Creating list of values of the same typeclass but different types

If you just need a few different shapes, you can enumerate each shape as a constructor, here is a example:

data SomeShapes = Triangle {...}
                  | Square {...}

instance Shape SomeShapes where 
    area (Triangle x) = ...
    area (Square x) = ....

now you can put them in a list, because they are same type of SomeShapes

[Triangle {...}, Square {...}]

Your wrapped type is probably the best idea.

It can be improved by noting that, in a lazy language like Haskell, the type () -> T essentially works like the plain T. You probably want to delay computation and write stuff like let f = \ () -> 1+2 which does not perform addition until the function f is called with argument (). However, let f = 1+2 already does not perform addition until f is really needed by some other expression -- this is laziness.

So, we can simply use

data WrappedShape = WrappedShape {
    getArea :: Double
  , getNumVertices :: Integer
}

wrap s = WrappedShape {
    getArea = area s
  , getNumVertices = vertices s
}

x = [wrap (Triangle (...)), wrap (Square (...))]

and forget about passing () later on: when we will access a list element, the area/vertices will be computed (whatever we need). That is print (getArea (head x)) will compute the area of the triangle.

The \ () -> ... trick is indeed needed in eager languages, but in Haskell it is an anti-pattern. Roughly, in Haskell everything has a \ () -> ... on top, roughly speaking, s o there's no need to add another one.

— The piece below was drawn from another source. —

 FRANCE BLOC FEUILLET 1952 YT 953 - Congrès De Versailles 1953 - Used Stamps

These is another solution to your problem, which is called an "existential type". However, this sometimes turns into an anti-pattern as well, so I do not recommend to use it lightly.

It would work as follows

data WrappedShape = forall a. Shape a => WrappedShape a

x = [WrappedShape (Triangle ...), WrappedShape (Square ...)]

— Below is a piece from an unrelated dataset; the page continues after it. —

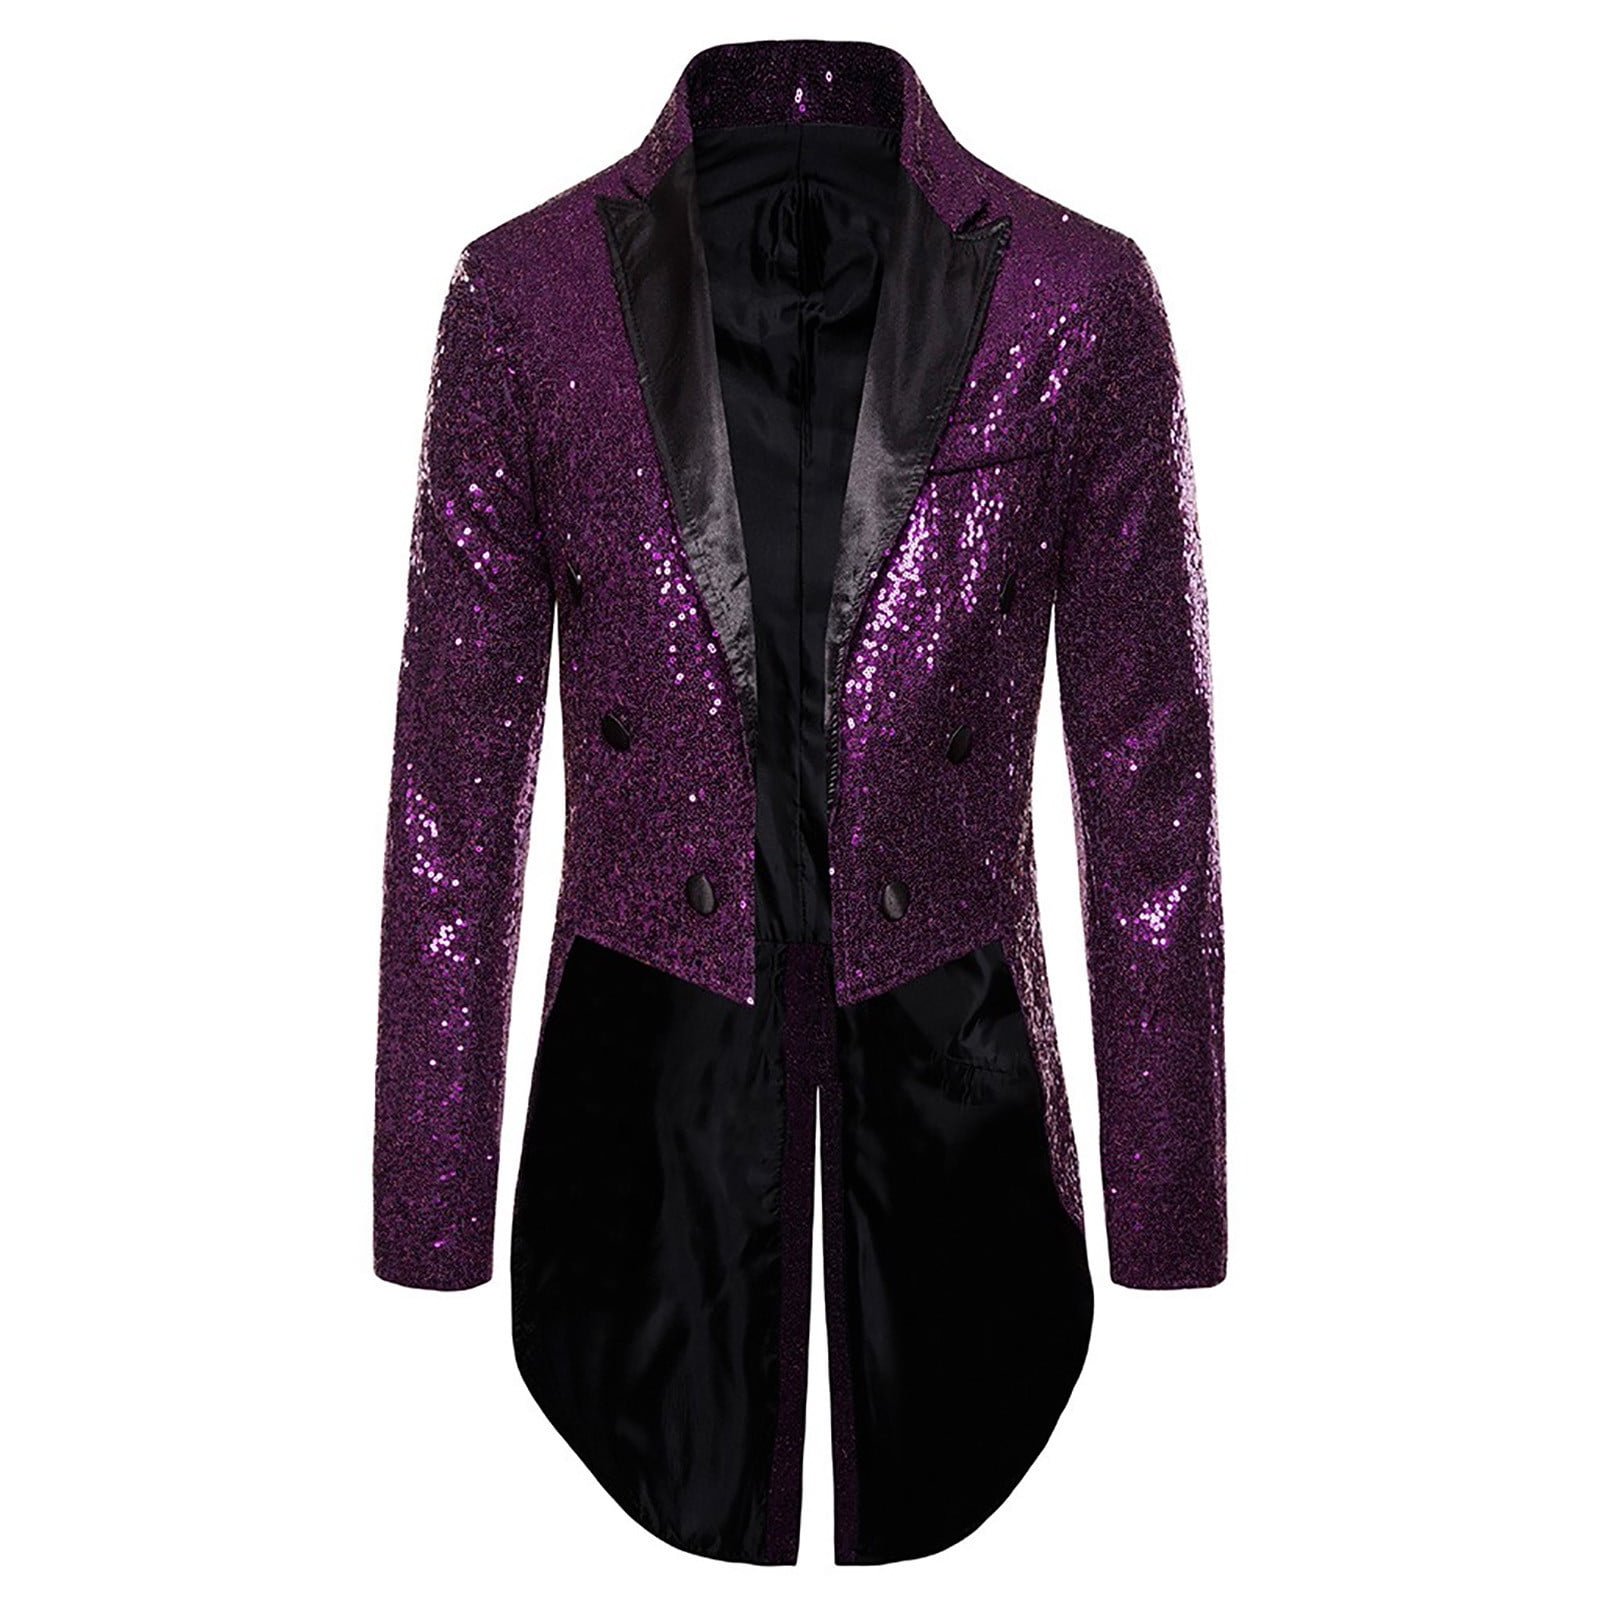 SMihono Winter Fall Men's Color Matching Sequin Suit, One Button Dress,  Performance Suit, Long Sleeved Lapel Collar Suit Jacket Coat Blazer Purple  4

exampleUsage = case head x of WrappedShape s -> area s

This is more convenient when the type class has a lots of methods, since we do not have to write a lot of fields in the wrapped type.

The main downside of this technique is that it involves more complex type machinery, for no real gain. I mean a basic list [(Double, Integer)] has the same functionality of [WrappedShape] (list of existentials), so why bother with the latter?

Luke Palmer wrote about this anti-pattern. I do not agree with that post completely, but I think he does have some good points.

I do not have a clear-cut line where I would start using existentials over the basic approach, but these factors are what I would consider:

• How many methods does the type class have?
• Are there any methods of the type class where the type a (the one related to the class) appears not only as an argument? E.g. a method foo :: a -> (String, a)?